◆ MATERIAL FOR THE TASK:
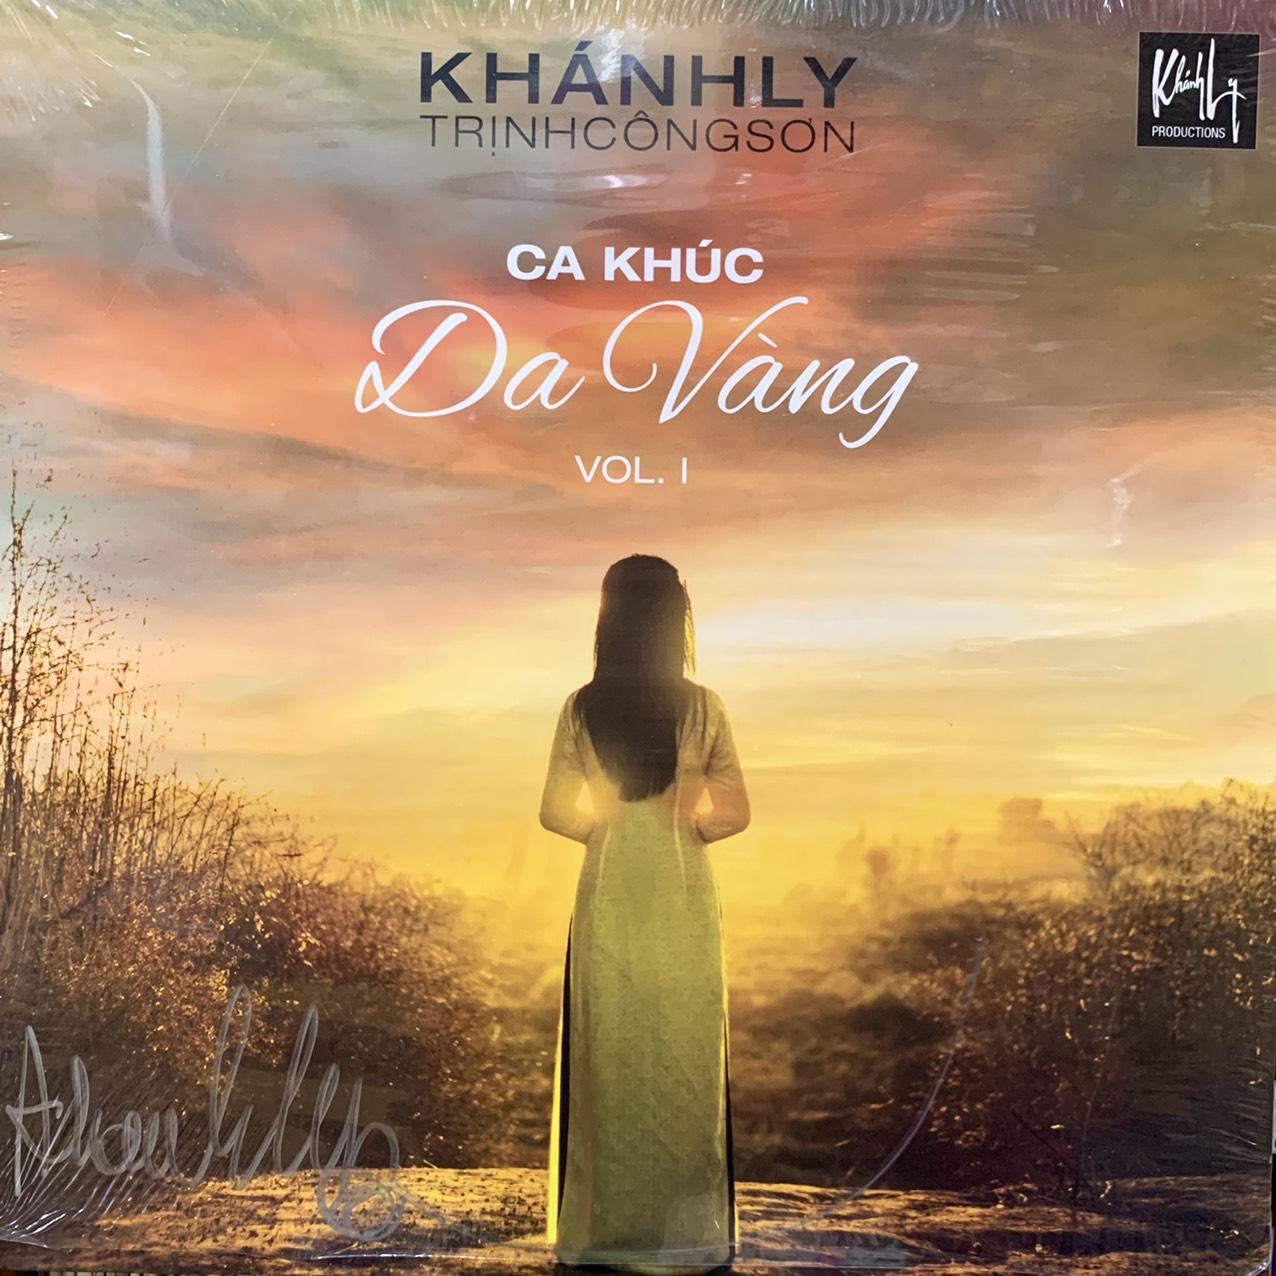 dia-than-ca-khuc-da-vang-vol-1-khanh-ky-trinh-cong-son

...

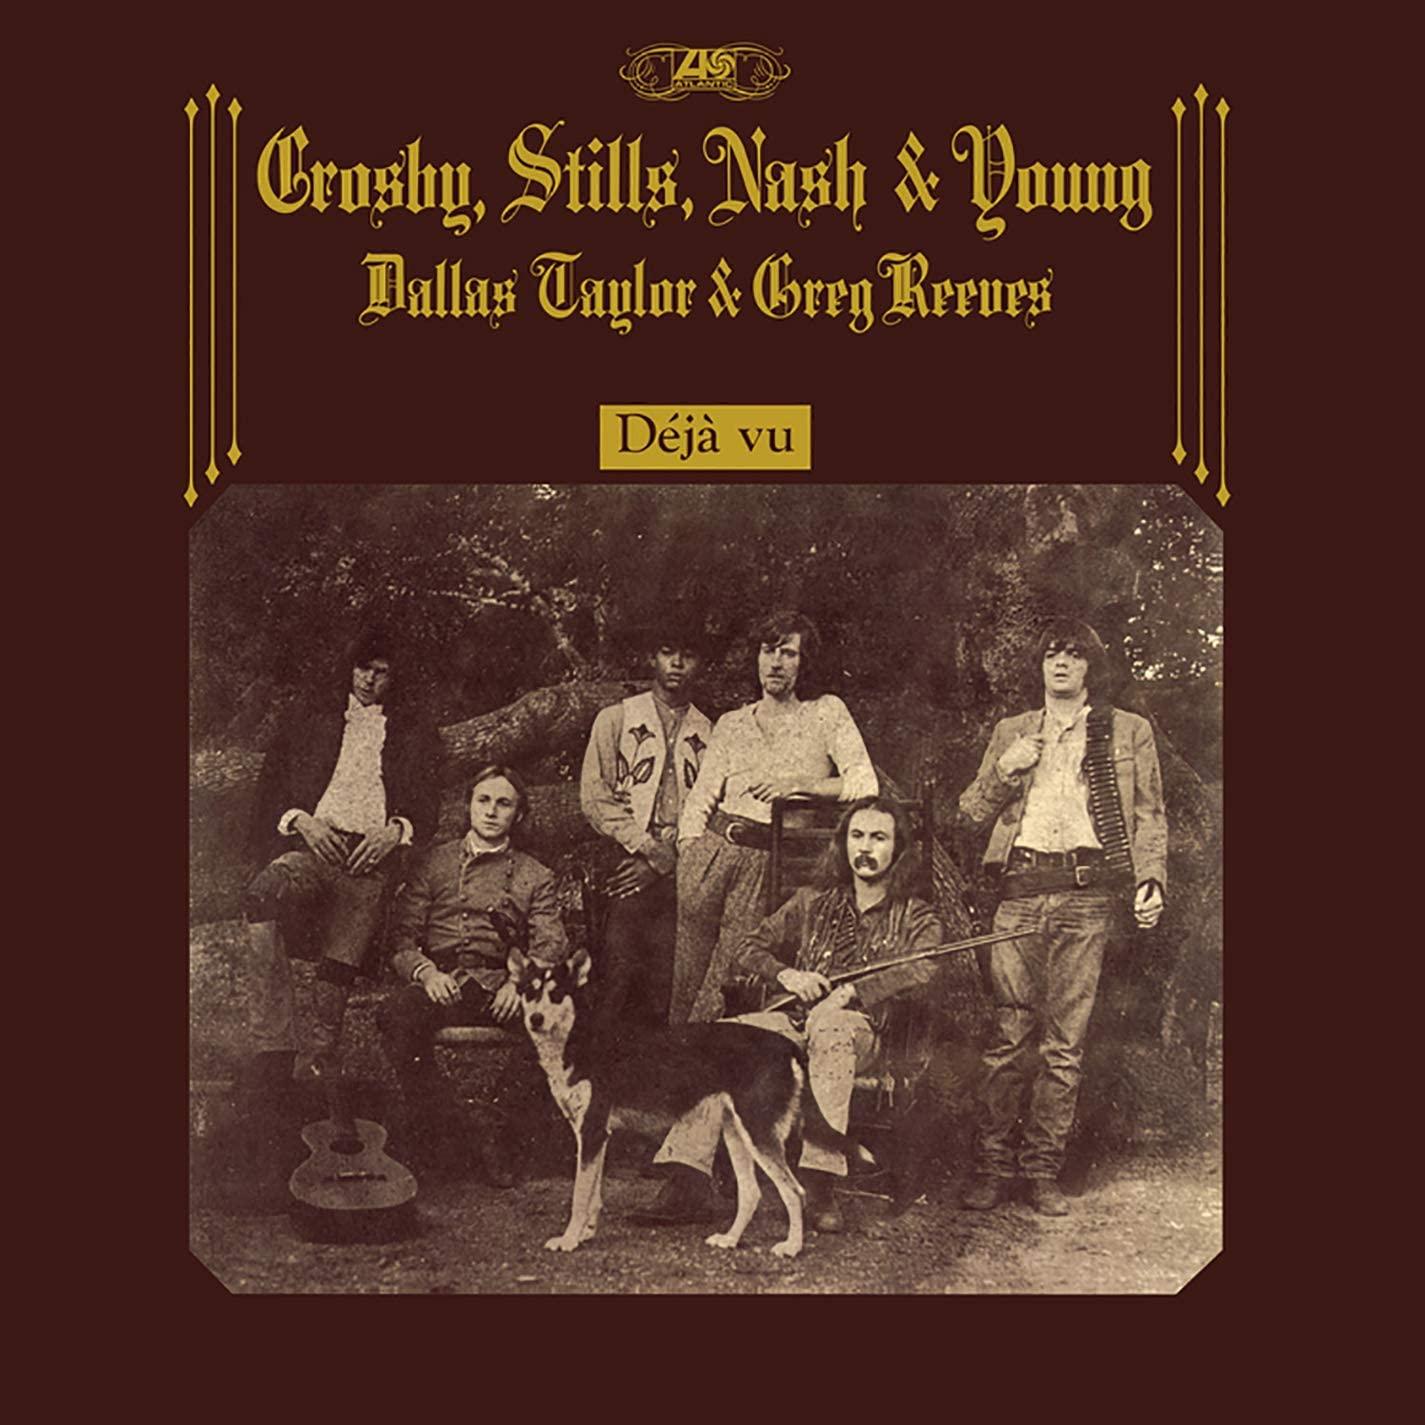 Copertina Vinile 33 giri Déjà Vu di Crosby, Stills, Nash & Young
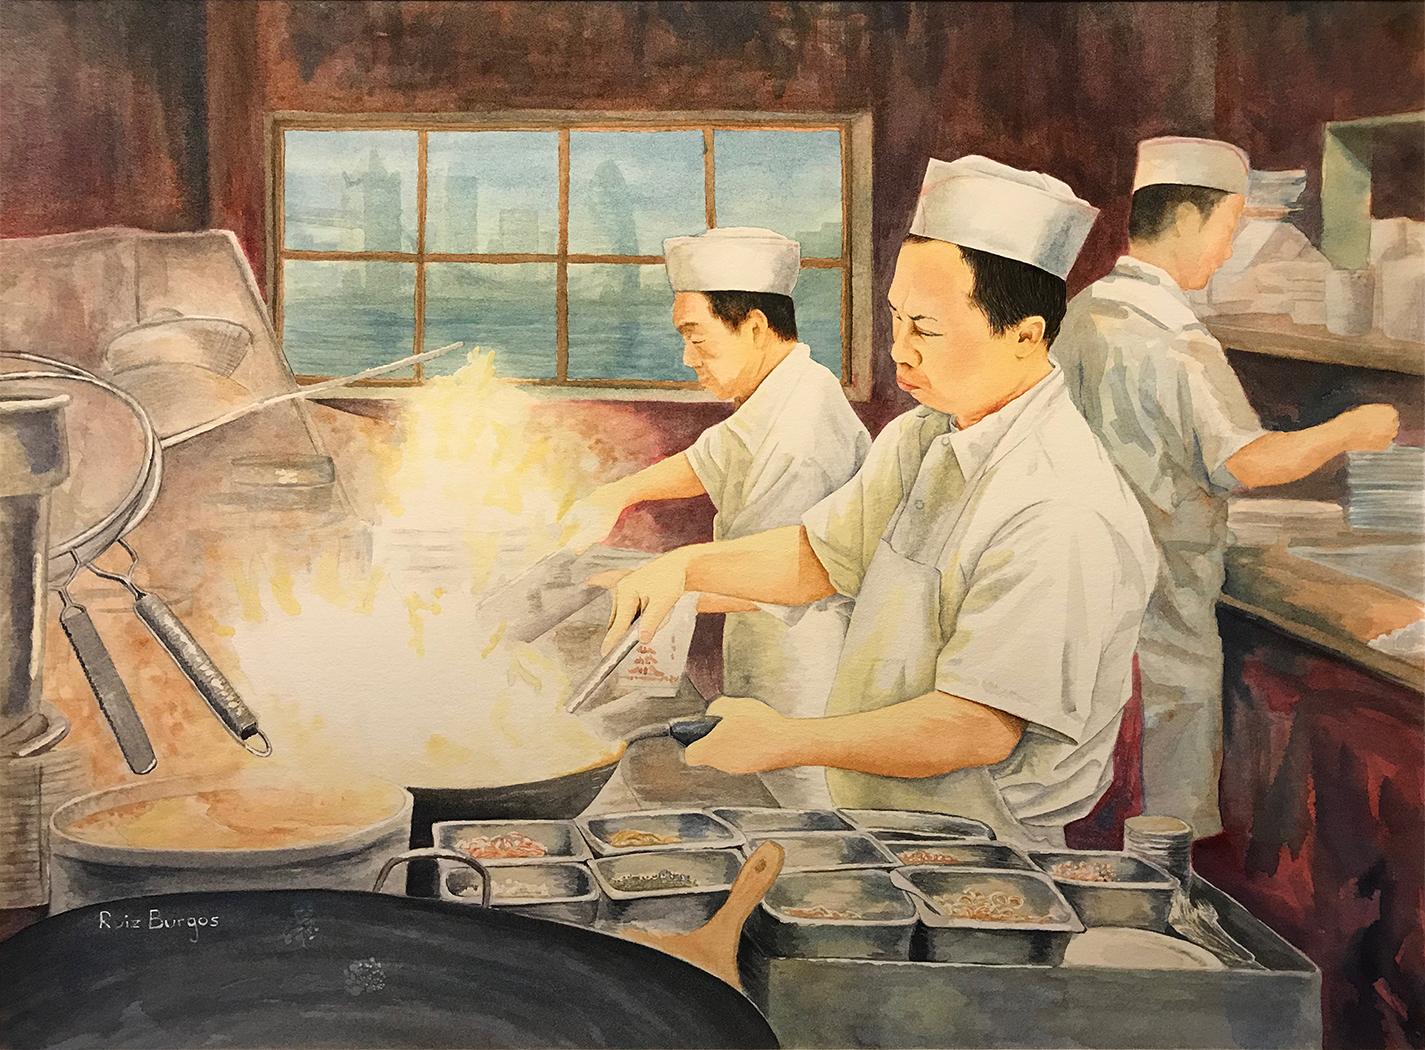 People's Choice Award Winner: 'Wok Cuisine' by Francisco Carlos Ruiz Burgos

◆ TASK GOAL:
Taking the entries above, copy word for word the lines from the one with "Copertina Vinile 33" up to and including the one with "People's Choice Award", without any picture.

◆ TASK SOLUTION:
 Copertina Vinile 33 giri Déjà Vu di Crosby, Stills, Nash & Young
 People's Choice Award Winner: 'Wok Cuisine' by Francisco Carlos Ruiz Burgos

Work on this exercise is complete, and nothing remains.